If you are a student at Auburn University, you have probably at one time or another had an issue with changing your major, class requirements or scholarship funds. It is likely that you have bounced from one administrative office to another, each time hoping that this next person will be able to help you overcome the necessary bureaucratic hurdles. Often, the process is frustrating and tedious, though not usually harmful.
But in my case, Auburn’s bureaucracy cost me more than $3,000 in scholarships.
In April, while I was completing my fourth year at Auburn and planning out my remaining two semesters (I am graduating in December), I received word that I had been awarded a scholarship I applied for a month earlier.

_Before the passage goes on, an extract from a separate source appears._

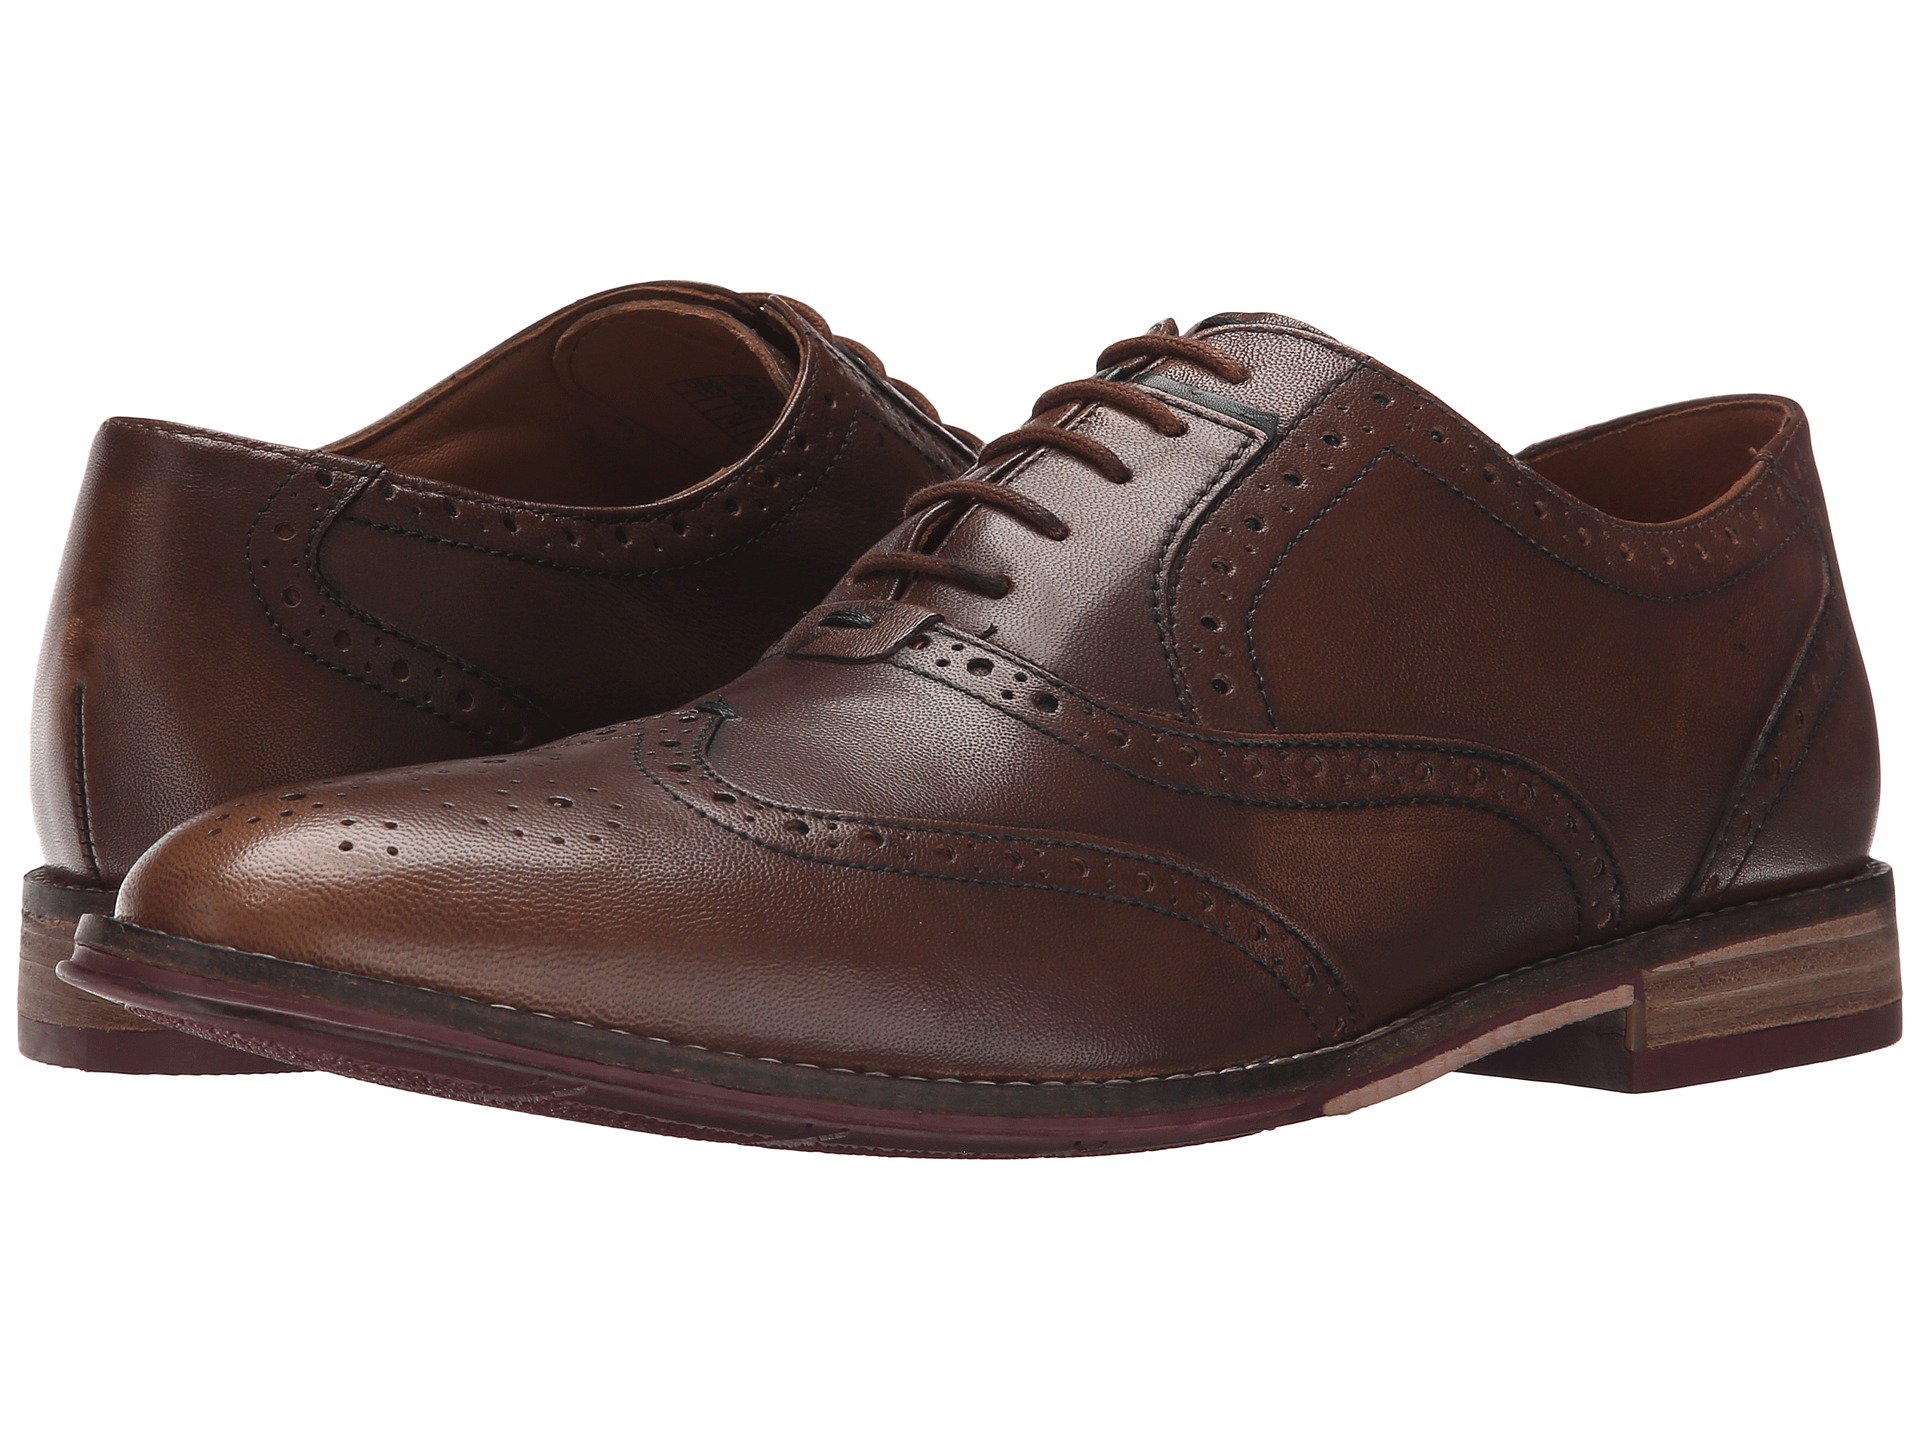 Hush Puppies Style Brogue Tan Leather

As I logged onto AUAccess to click accept, I saw that the scholarships would be distributed over both the Fall and Spring semesters. I wasn’t concerned. I figured that someone would consider the fact that I was graduating in December and shift the scholarship to that semester to accommodate for my situation.
The donors and the University already determined I was both eligible and deserving to receive the award. Surely they wouldn’t take it away from me on a minor technicality.
So I decided to seek out a real human being I could speak to about my problem. That was more difficult than expected. I went from the College of Liberal Arts, where nobody was available that day, to the Financial Aid Office, who told me this was out of their jurisdiction, to the Scholarship Office, who said they weren’t actually the ones who had awarded it to me.
The next day I went back to the College of Liberal Arts, where again there was nobody available. I finally made it to the Honors College where I was politely told that I would not be receiving half of the scholarship I was awarded.
Many of my friends have reported similar experiences where an unjustified, bureaucratic decision had significantly impacted their educational experience here at Auburn. One told me how Auburn had taken back a scholarship they awarded him because they didn’t receive an “official” response in the mail.
Another friend told me about being forced to take a lower level class even though it was a prerequisite for many of the other classes she had taken. One person even mentioned having to delay graduation and pay for an extra semester because of an advising error.
These incidents show how difficult it is for students at Auburn to receive the educational services they need. Why have offices become decentralized enough to where staff in one office can’t answer questions about the basic functions of another? Why are some advisers not available to see a student at all without an appointment?
By not providing adequate support to our staff and faculty, Auburn University is failing to meet the basic expectations of its students.
These bureaucratic policies reveal a more insidious truth about the profit-oriented nature of our school. Note how all of the incidents above resulted in the student having to throw more time and money into the University. When you compare the multi-million dollar salaries of University elites like Coach Malzahn and President Gouge with the poverty-level wages that a significant portion of Auburn employees live on, the profit motive becomes even more clear.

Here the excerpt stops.